■ **Task prompt**:
Reproduce exactly the lines of the material beneath, from the line that contains "Dr. Zubaida Sirang" to the line that contains "Раскраска Кролик в", both included, and no other lines.

■ **Supplied records**:

#####

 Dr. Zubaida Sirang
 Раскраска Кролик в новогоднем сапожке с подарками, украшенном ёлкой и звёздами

#####

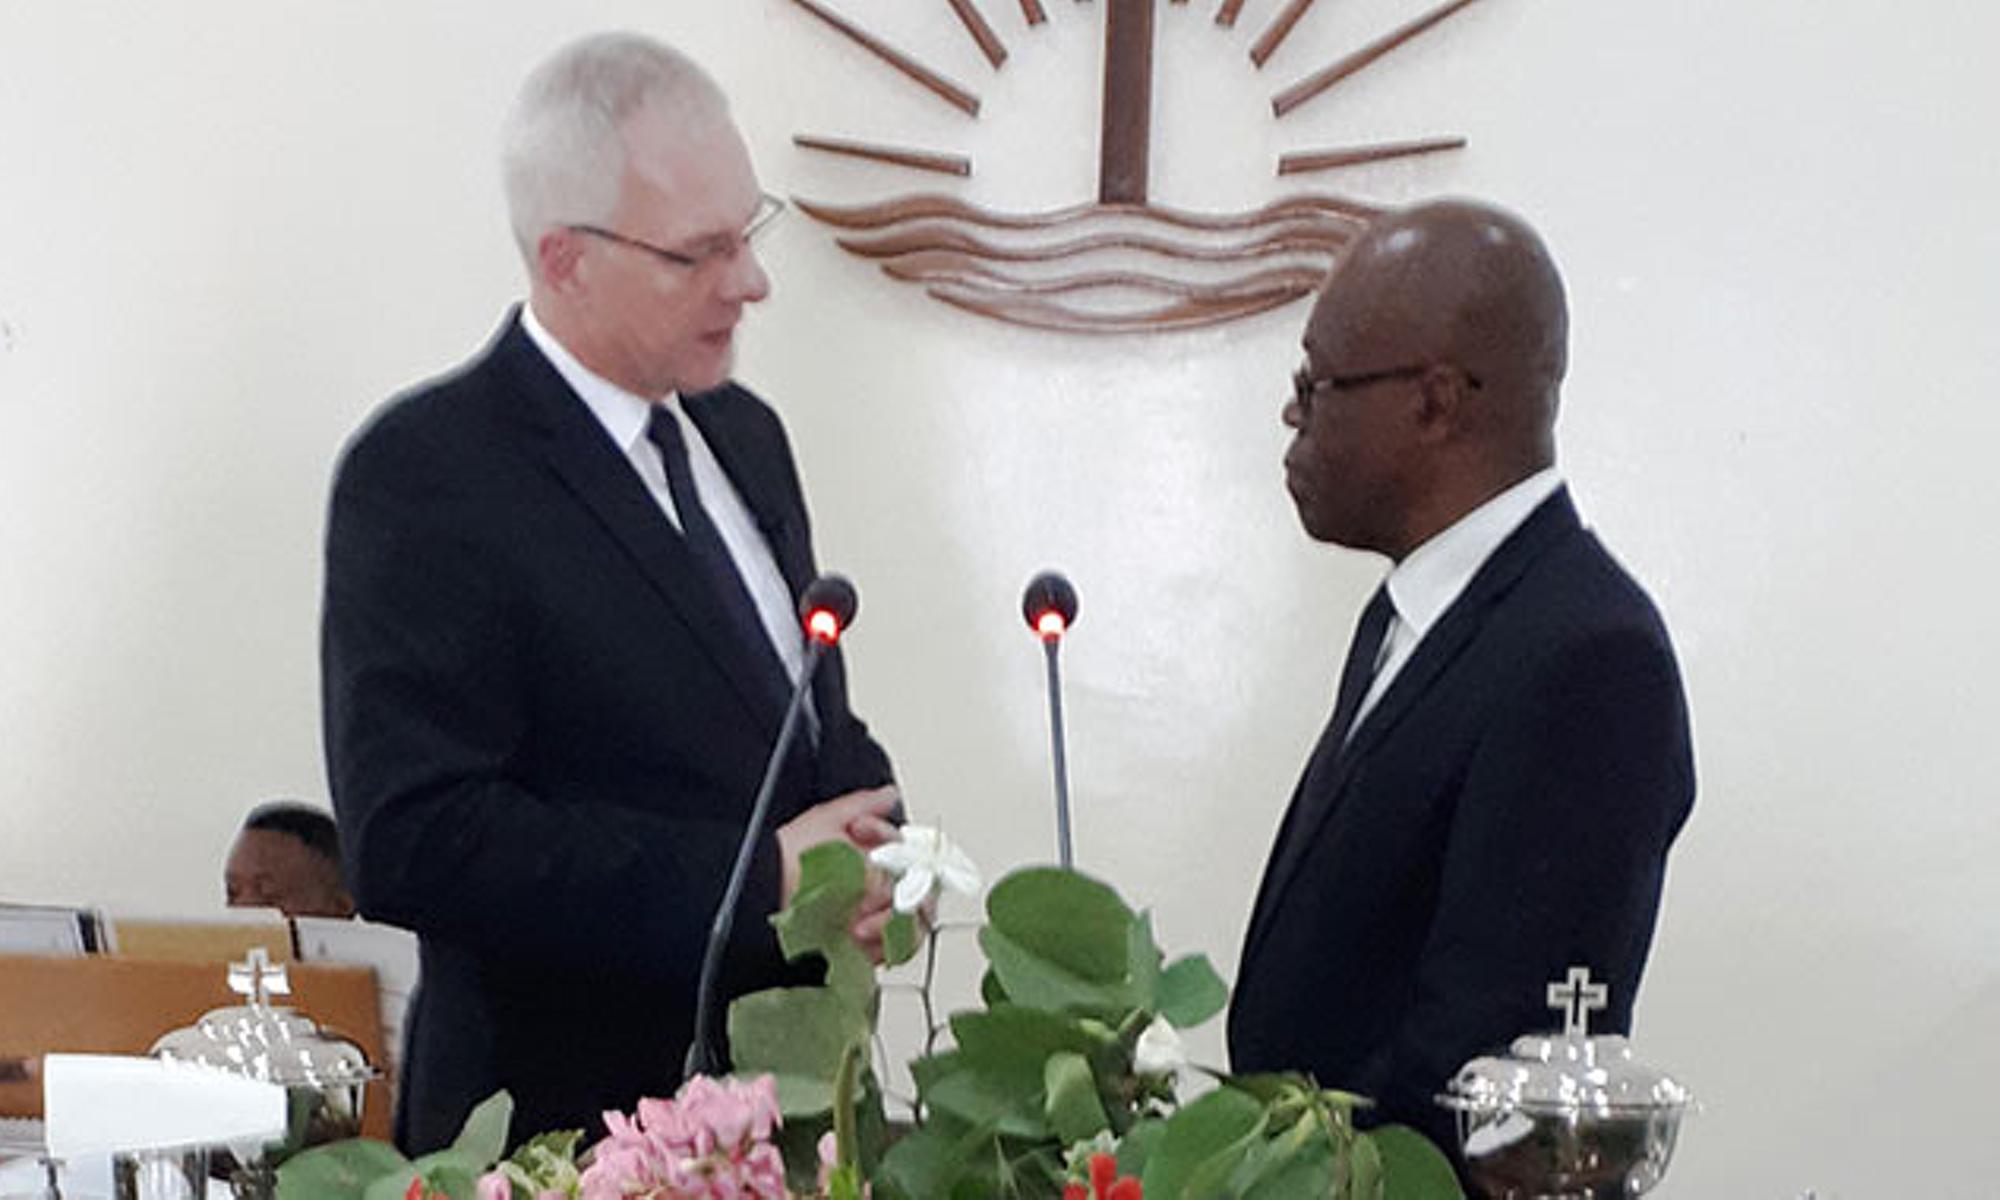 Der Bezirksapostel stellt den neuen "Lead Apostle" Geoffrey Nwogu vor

#####

■ **Solution to this exercise**:
 Dr. Zubaida Sirang
 Раскраска Кролик в новогоднем сапожке с подарками, украшенном ёлкой и звёздами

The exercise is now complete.